O xeque-mate da ficção televisiva

Entre The Crown e Gambito de Dama, as séries e minisséries ganharam espectadores com a pandemia. Vamos ver o que uma e outra ganham nos Globos de Ouro...

Depois de um ano de muitas incertezas sobre tudo e mais alguma coisa, um ano também em que o streaming beneficiou do recolhimento caseiro a nível global, há uma jogada (quase) certa nesta madrugada de Golden Globes, em termos de categorias televisivas: Gambito de Dama. A minissérie protagonizada pelo jovem talento Anya Taylor-Joy, menina-prodígio do xadrez que se atreve a espicaçar a estratégia masculina, foi um fenómeno de popularidade, e o seu mérito está todo na combinação do glamour da intérprete com a especificidade do universo narrativo deste jogo - quem diria que o xadrez ia voltar a estar na moda depois de Bobby Fischer... Xeque-mate então, muito provável, para a Netflix, mesmo competindo com Small Axe, a magnífica antologia de filmes de Steve McQueen sobre a comunidade caribenha em Londres, disponível na HBO.

Mas se Gambito de Dama é um natural favorito, The Crown (também Netflix), a série centrada no reinado da rainha Isabel II, deverá acumular galardões. Desde logo, o de melhor série dramática - roubando a oportunidade ao acarinhado The Mandalorian, da Disney -, melhor atriz, Emma Corrin, na pele da princesa Diana, e atriz secundária, Gillian Anderson como Margaret Thatcher. Digamos que esta quarta temporada da série já coroada uma vez, em 2017, tem os ingredientes certos para reinar, muito devido às novas aquisições femininas, que, sem se sobreporem à vencedora do ano passado, Olivia Colman, fazem que se distribua o reconhecimento dos "valores" da produção.

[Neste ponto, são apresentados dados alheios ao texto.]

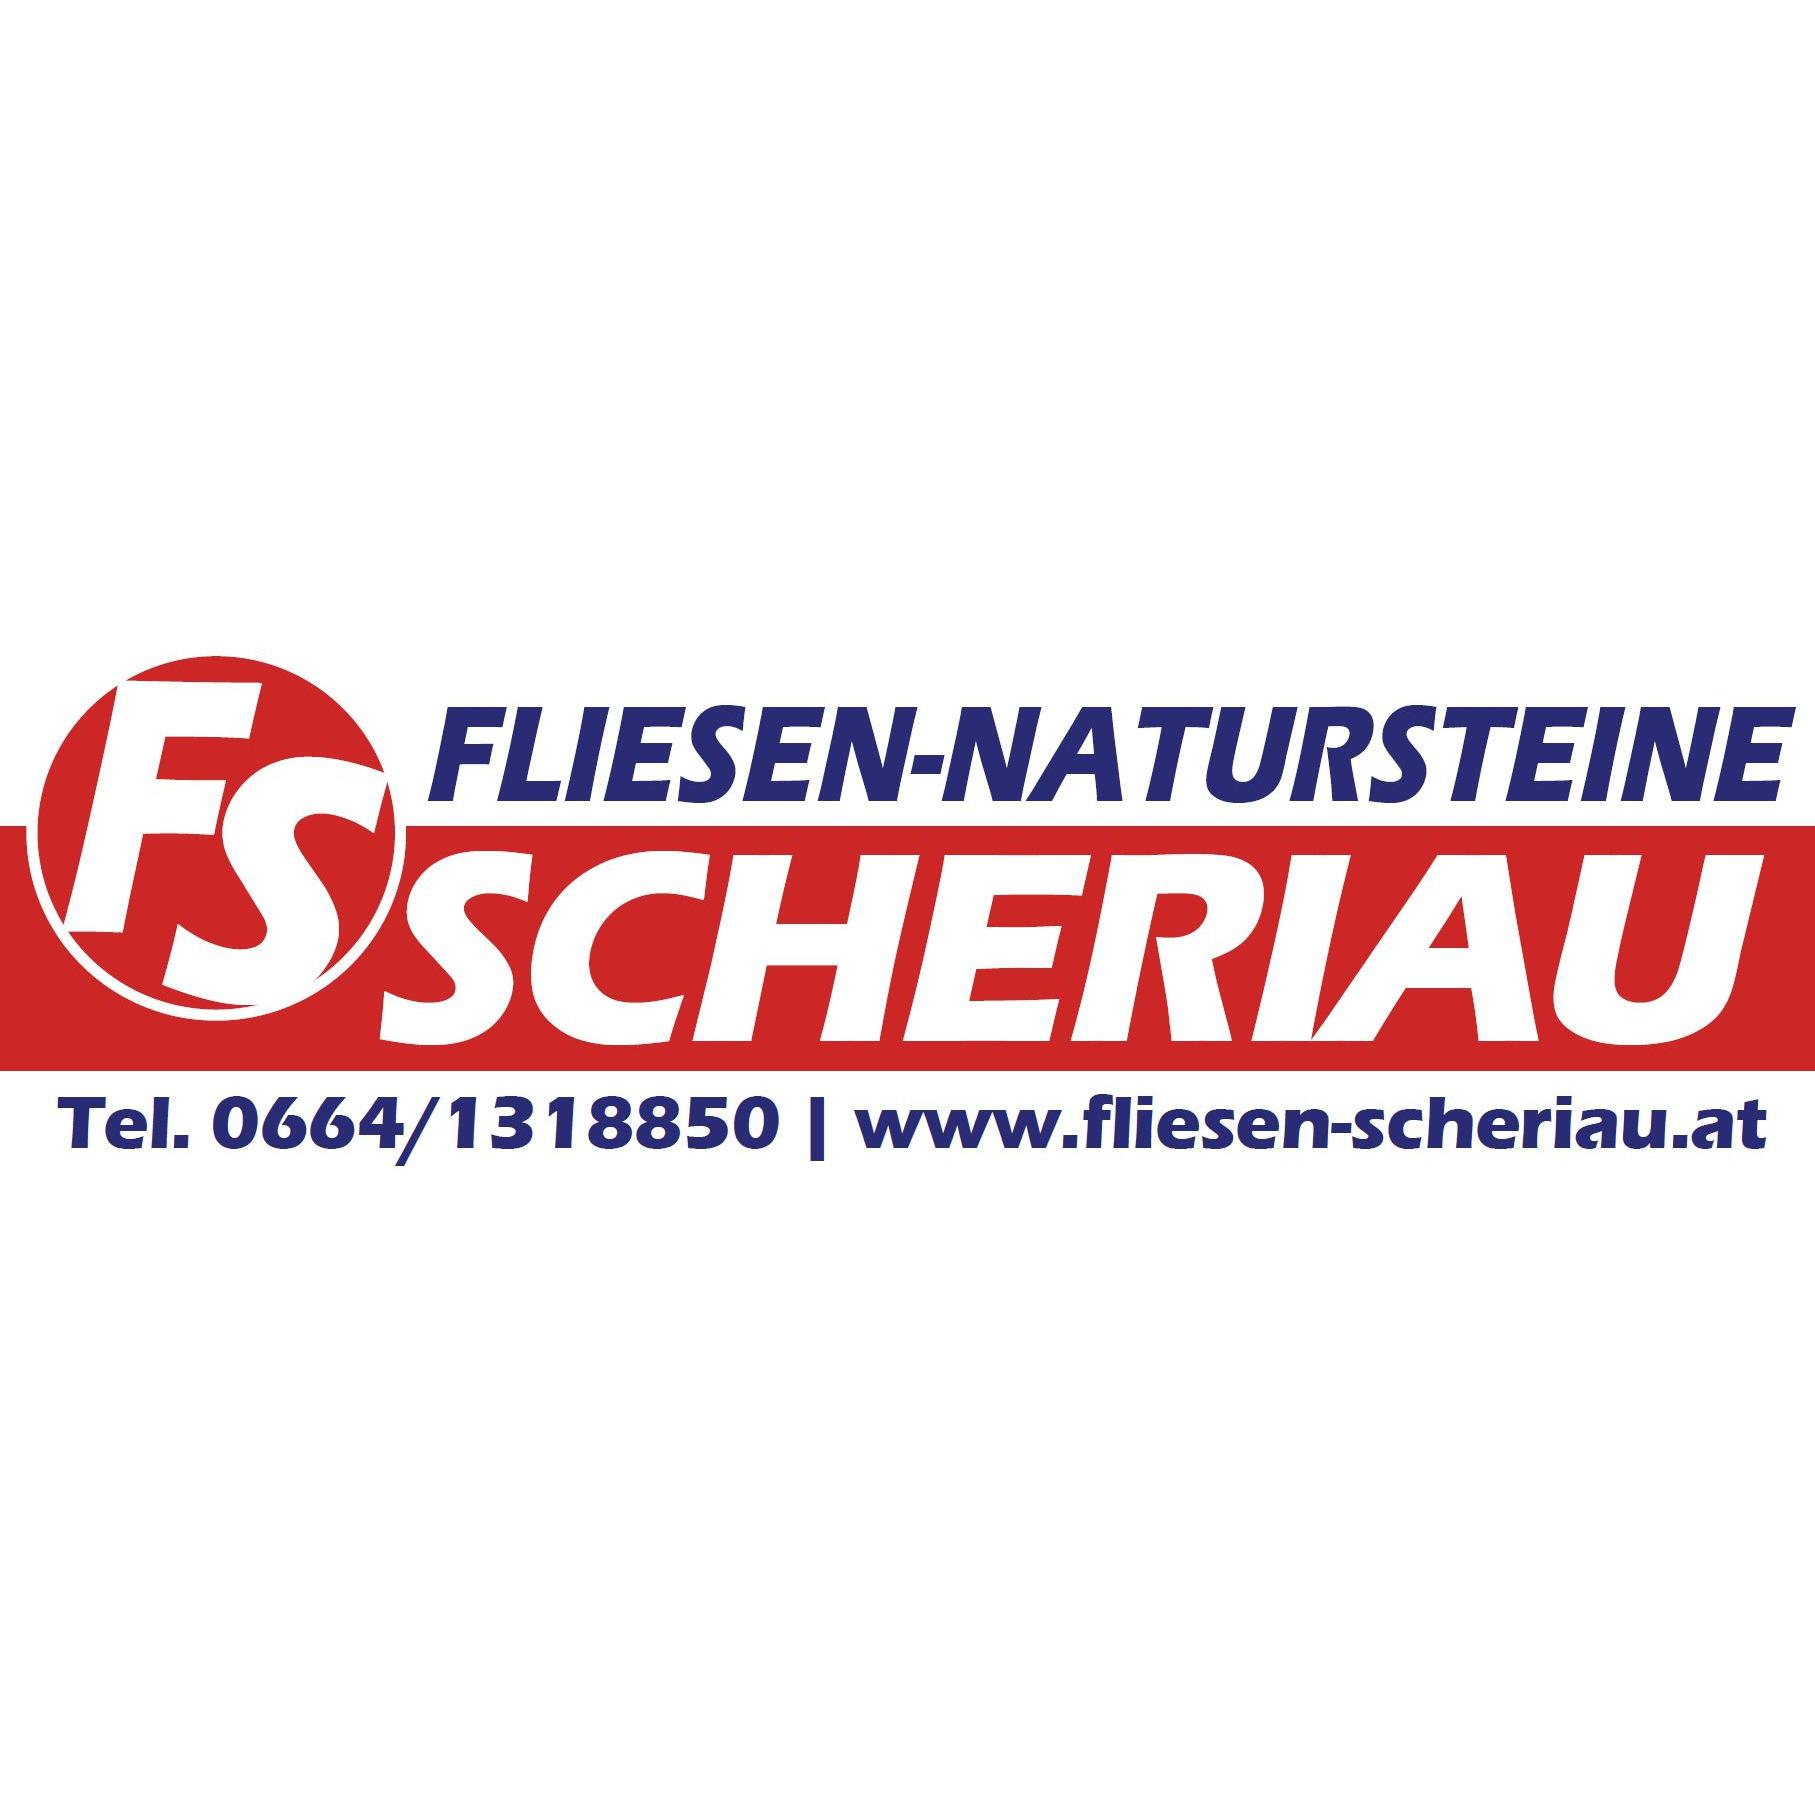 Fliesen Scheriau Logo

De resto, o jogo parece estar mais ou menos em aberto nos outros tabuleiros da ficção televisiva. Ainda nas séries dramáticas, Jason Bateman, nomeado pela terceira vez por Ozark, poderá encaixar na máxima "à terceira é de vez", e nas minisséries, Hugh Grant, que em 2019 esteve nomeado por A Very English Scandal (convenhamos, com a sua melhor interpretação recente), é tido como o presumível vencedor, em The Undoing. Um caso que, a confirmar-se, cria algum ruído: será que as subtilezas do seu médico carregado de sombras estão ao mesmo nível do abolicionista de Ethan Hawke em The Good Lord Bird? Nem por isso. Hawke tem aqui a personagem mais delirante da sua carreira, e está perfeitamente à altura dela. Pelo meio, Mark Ruffalo e a performance dupla (irmãos gémeos) em I Know This Much Is True, que lhe valeu o Emmy, não é de desconsiderar, mas nesta categoria de melhor ator em minissérie, insistimos, Ethan Hawke é the real thing.

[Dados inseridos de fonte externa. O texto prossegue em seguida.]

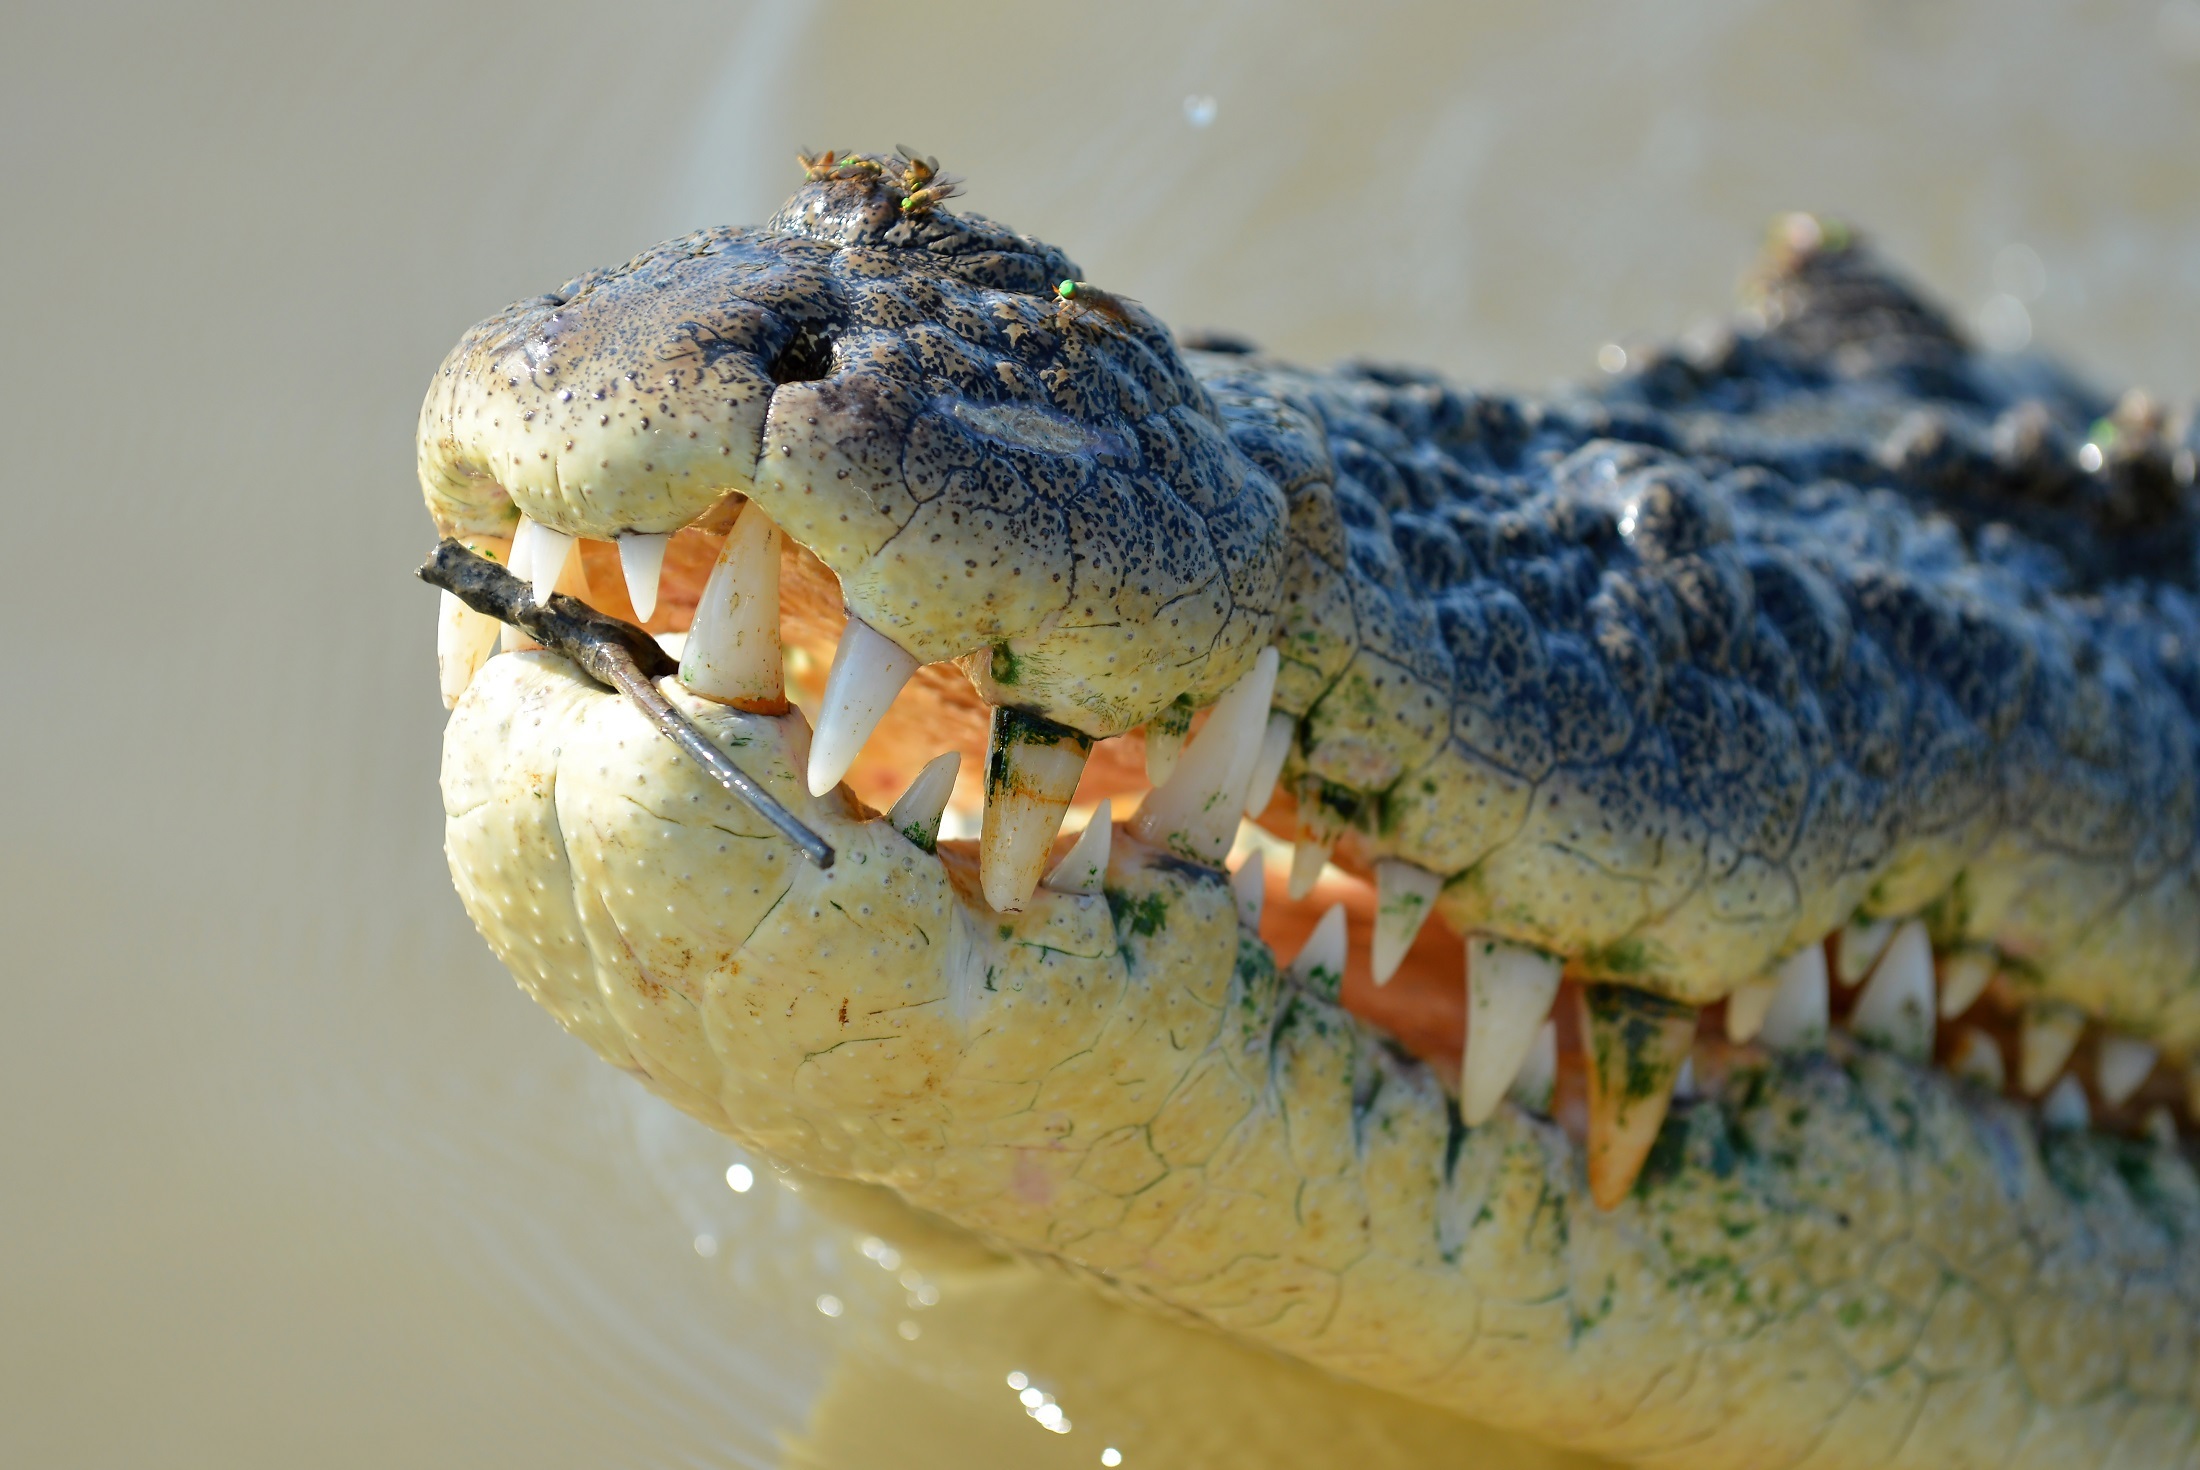 Saltwater croc photo

Com Taylor-Joy a seguir a boa estrela de Gambito de Dama, enquanto atriz principal, nos atores secundários, por sua vez, a distinção deverá ir para o negro britânico John Boyega, pelo seu polícia audaz que corrói o racismo por dentro da força policial num dos filmes da série Small Axe.

Quanto à comédia, é verdade que Schitt"s Creek, a série que açambarcou os Emmys no ano passado, paira como um fantasma de vitórias, mas Ted Lasso (Apple TV+), em que Jason Sudeikis dá vida a um otimista treinador de futebol americano em Londres, tem vindo a ser apontado como a grande favorita - a série e o próprio Sudeikis. Sentamo-nos no sofá para ver se há golo?